» **EXERCISE INSTRUCTIONS**
Return only the lines from the top of the data down to the one that holds "Free Guitar Hero", both included, without any pictures.

» **Stored dataset items**
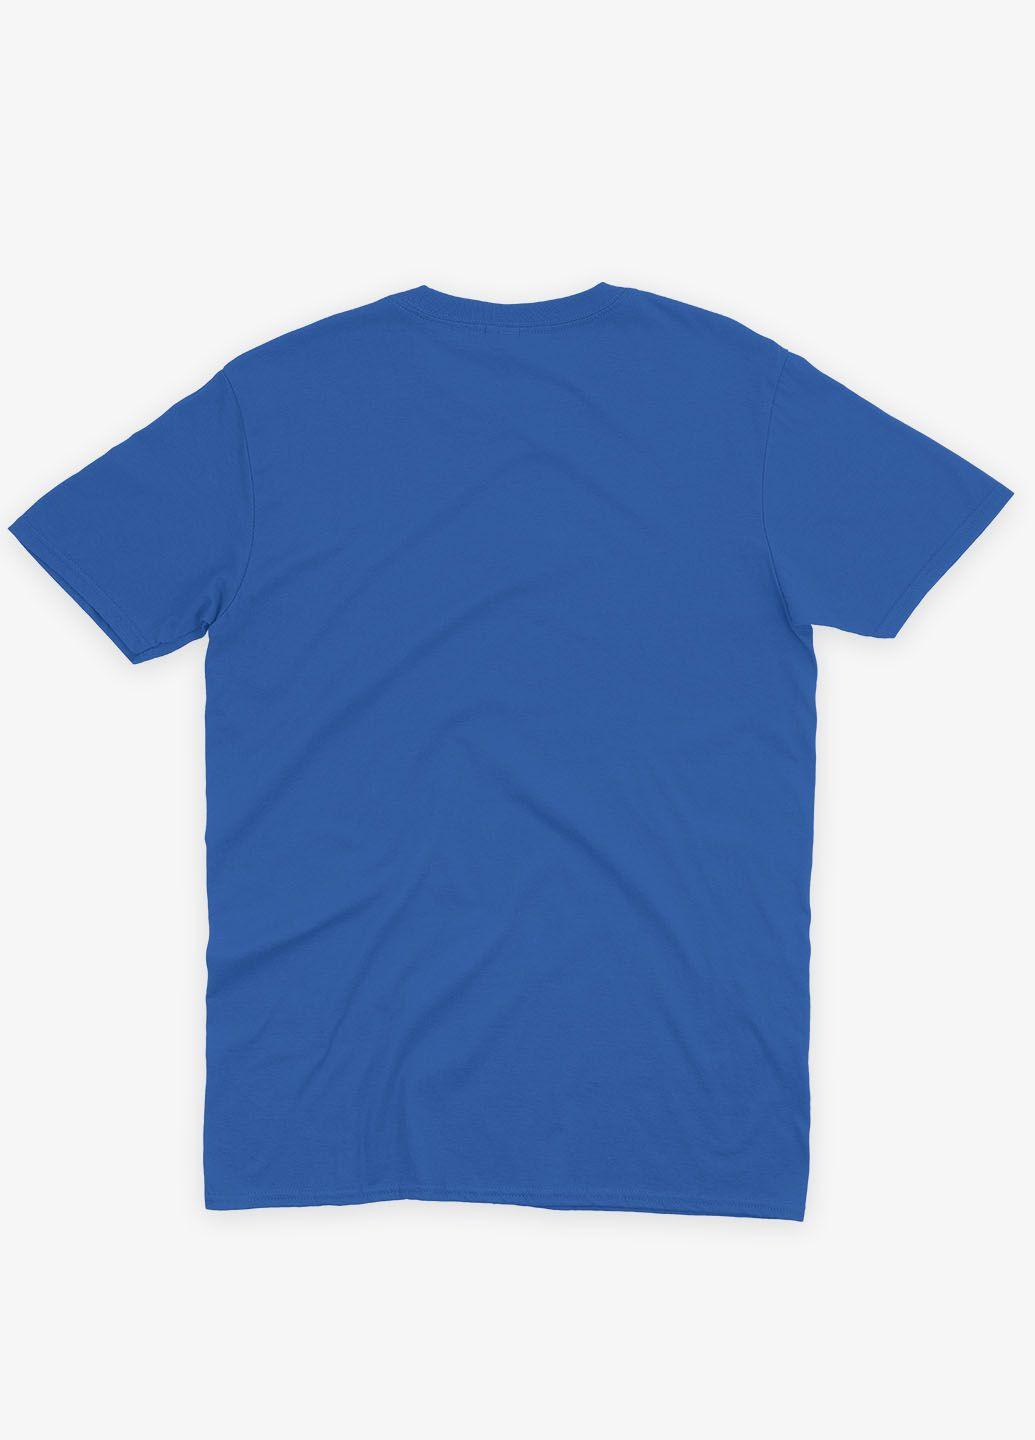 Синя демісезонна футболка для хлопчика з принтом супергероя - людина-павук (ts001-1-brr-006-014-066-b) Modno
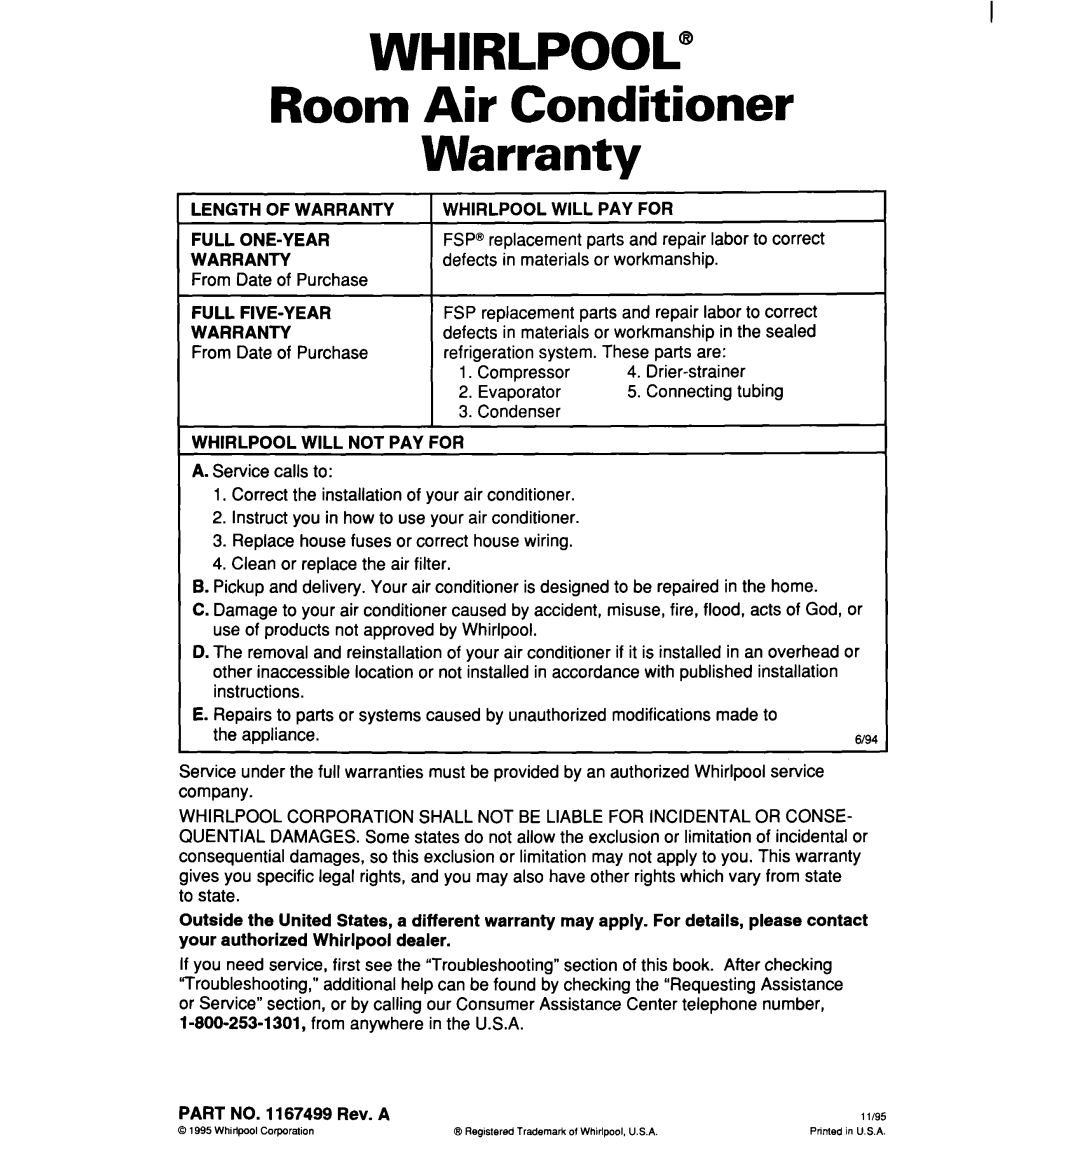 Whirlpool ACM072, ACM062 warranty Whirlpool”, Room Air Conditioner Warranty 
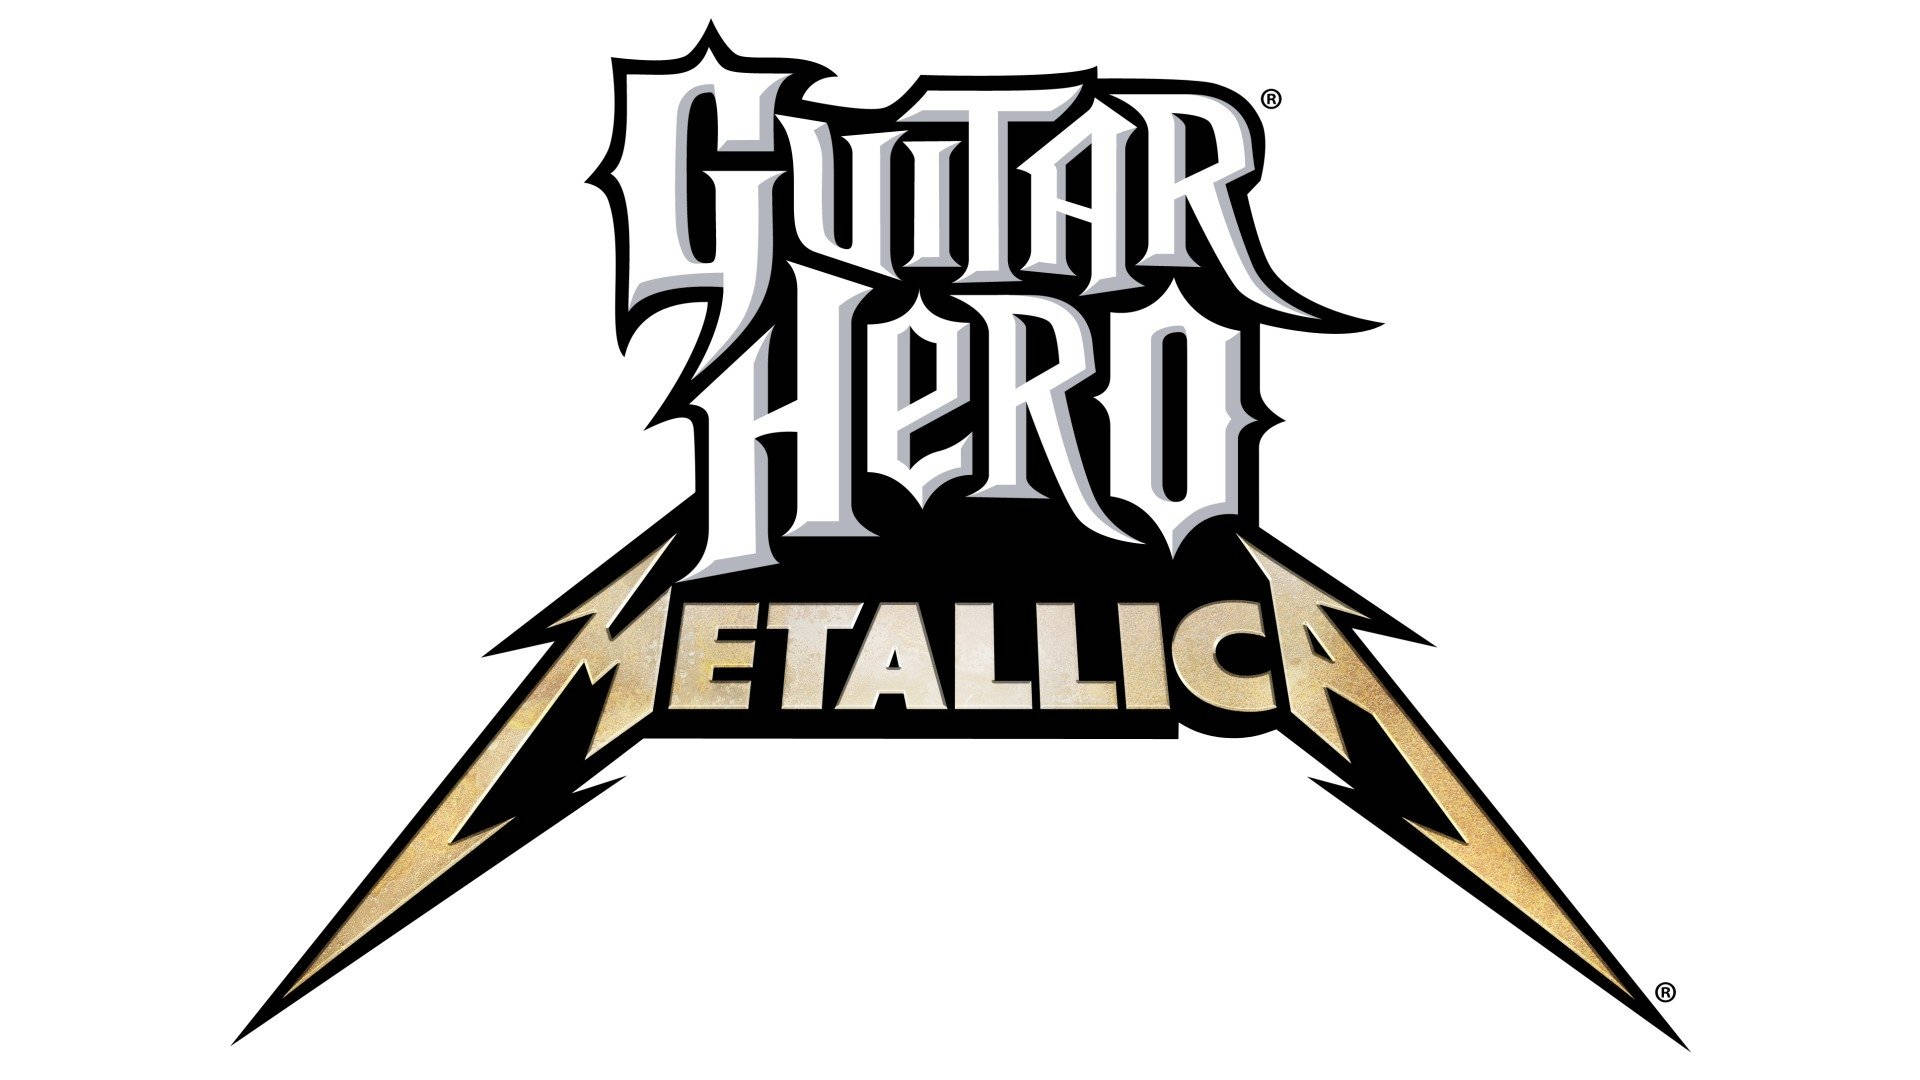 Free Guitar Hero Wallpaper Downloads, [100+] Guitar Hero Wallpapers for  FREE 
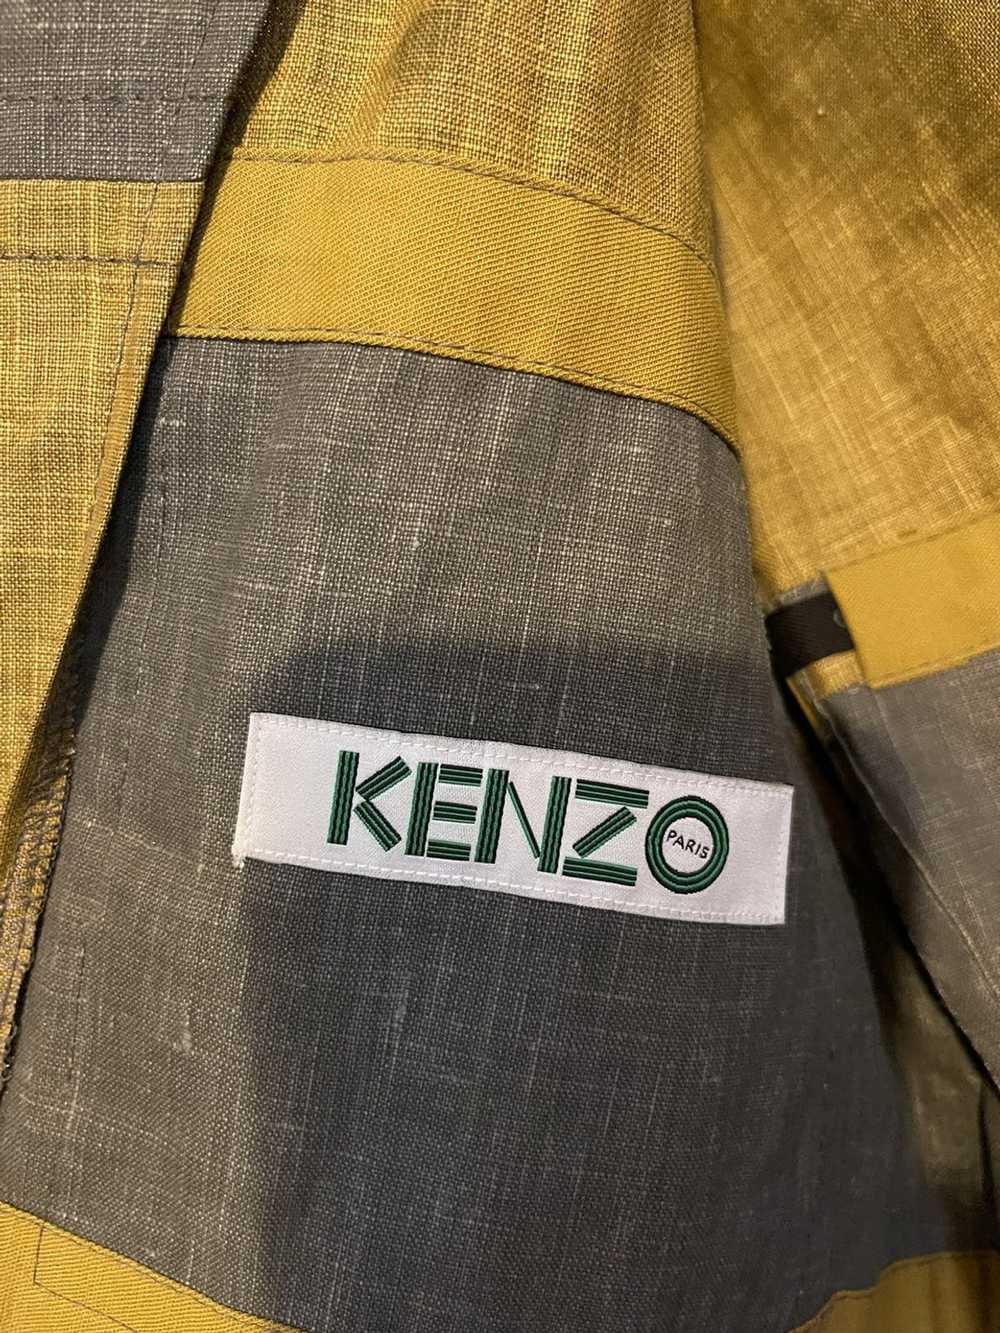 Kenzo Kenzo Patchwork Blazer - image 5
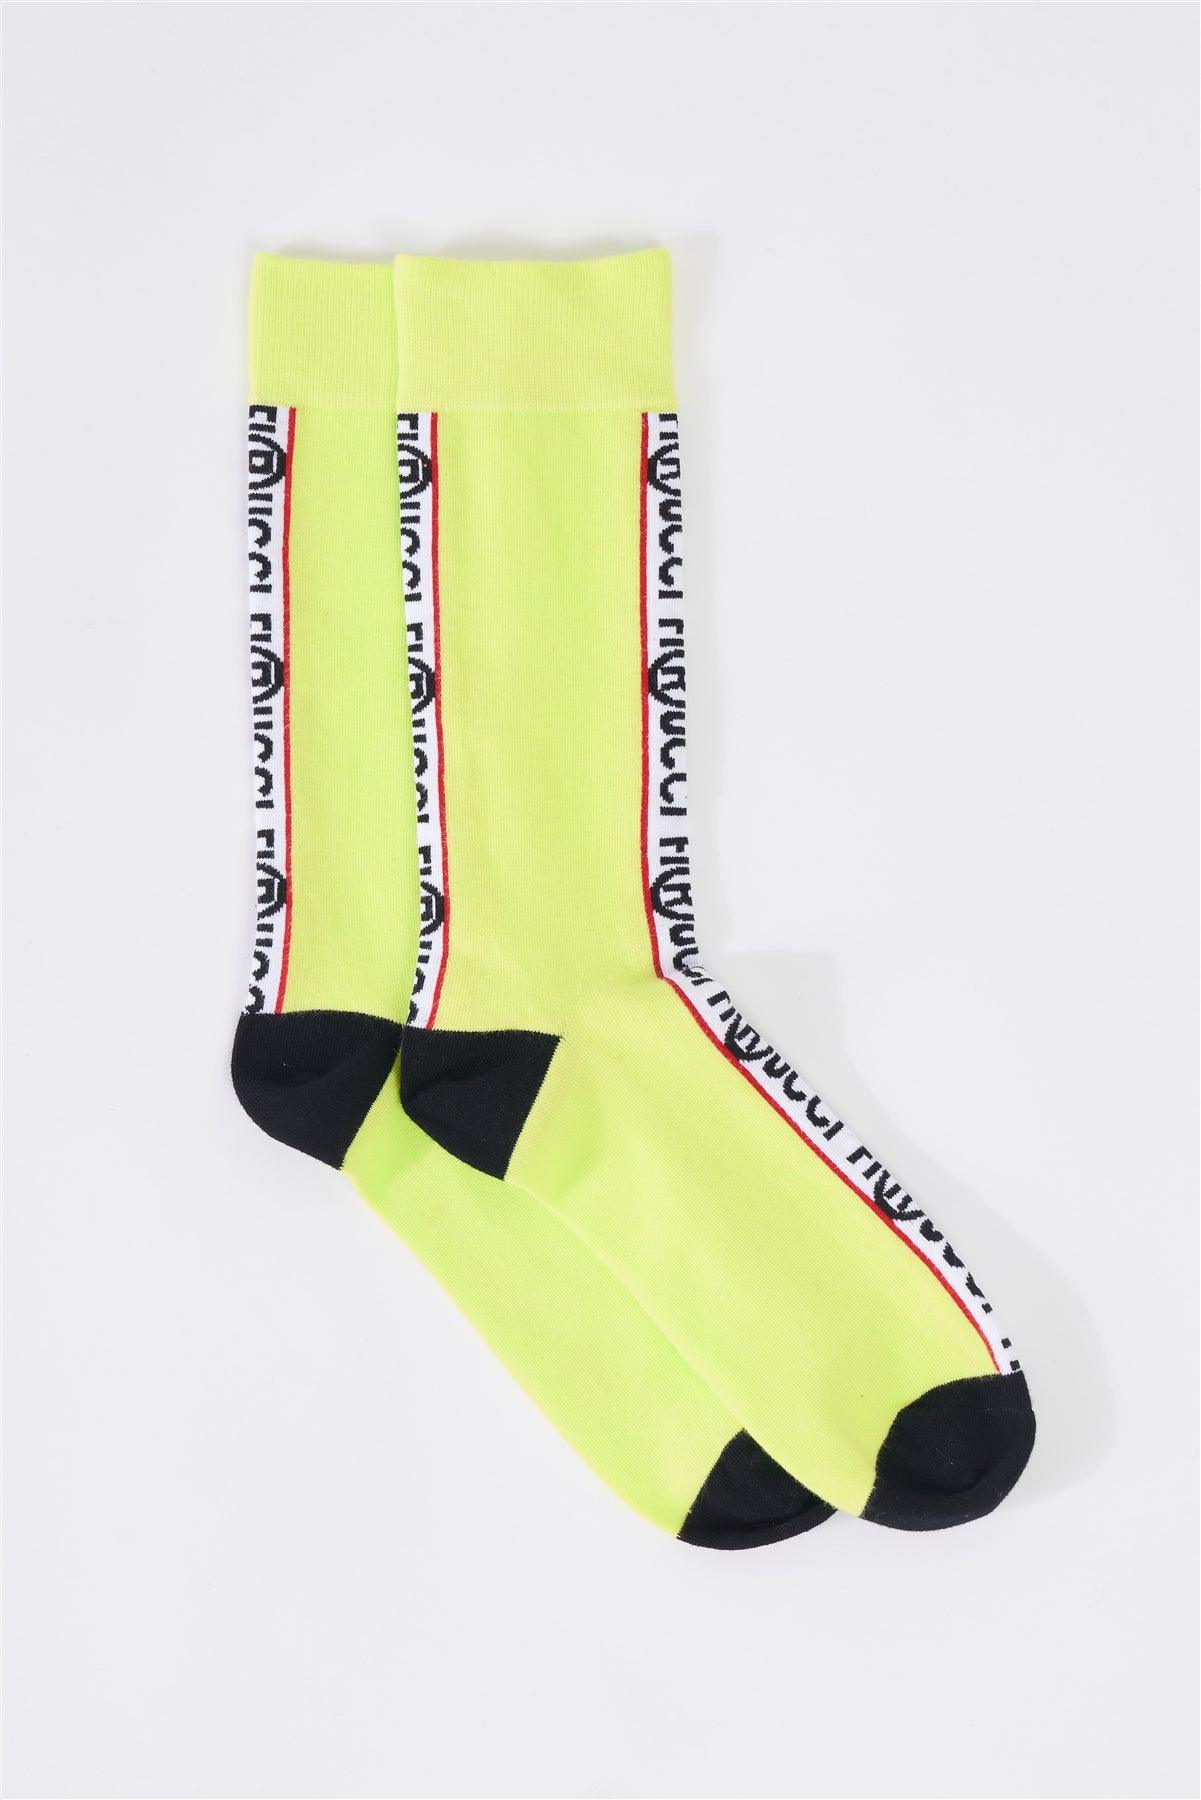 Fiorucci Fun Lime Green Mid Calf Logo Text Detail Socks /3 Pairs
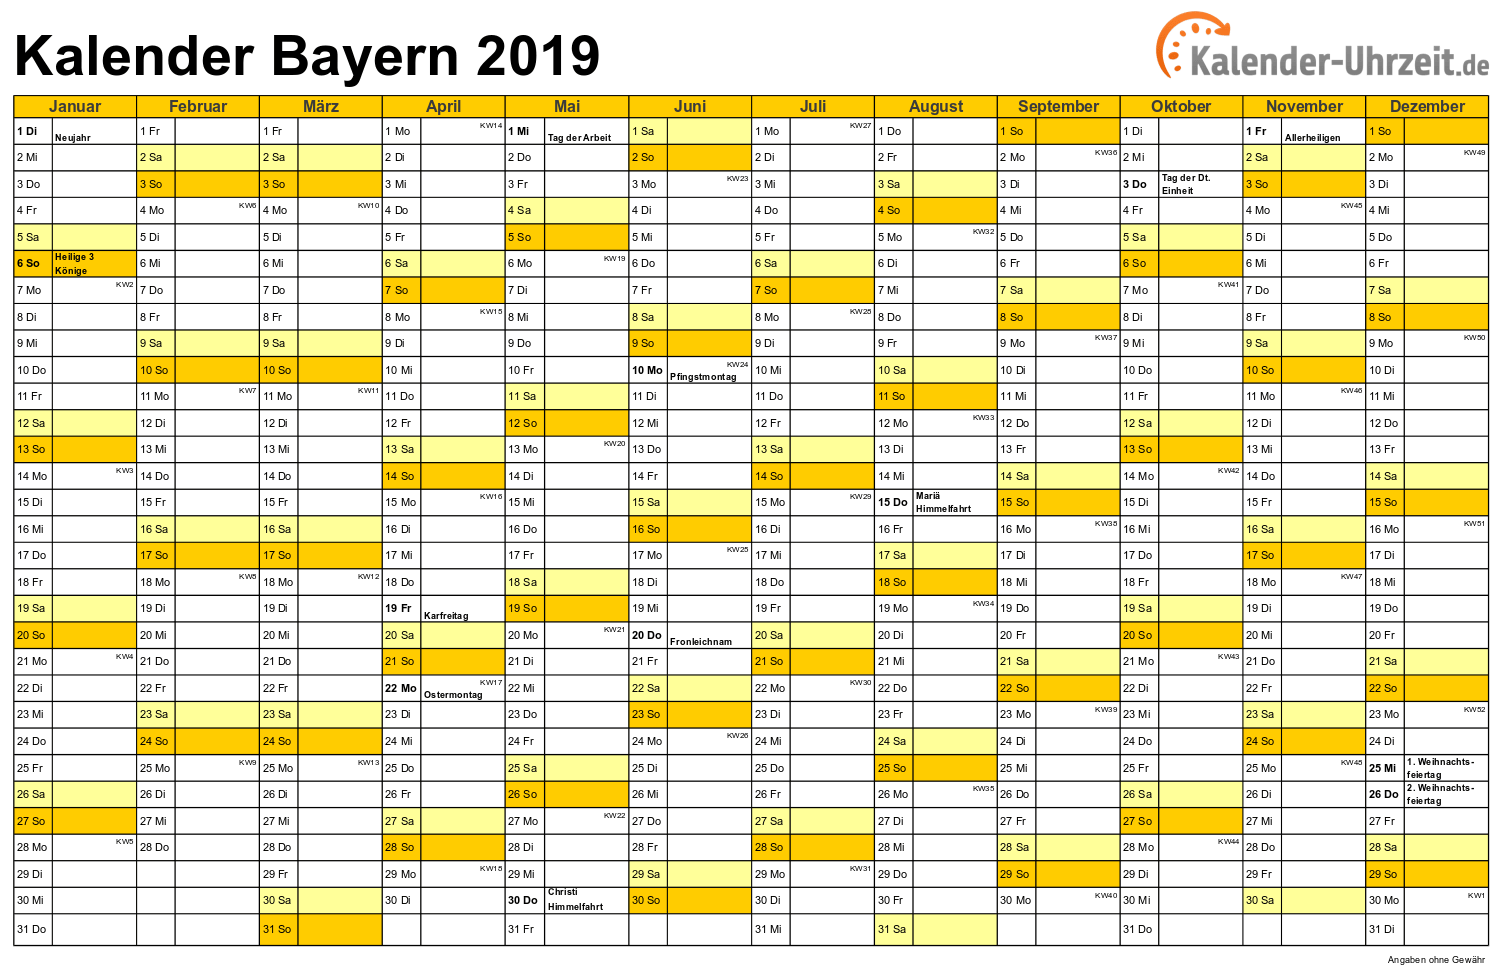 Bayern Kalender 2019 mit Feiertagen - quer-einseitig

» **ANSWER**
 Синя демісезонна футболка для хлопчика з принтом супергероя - людина-павук (ts001-1-brr-006-014-066-b) Modno
 Whirlpool ACM072, ACM062 warranty Whirlpool”, Room Air Conditioner Warranty 
 Free Guitar Hero Wallpaper Downloads, [100+] Guitar Hero Wallpapers for  FREE 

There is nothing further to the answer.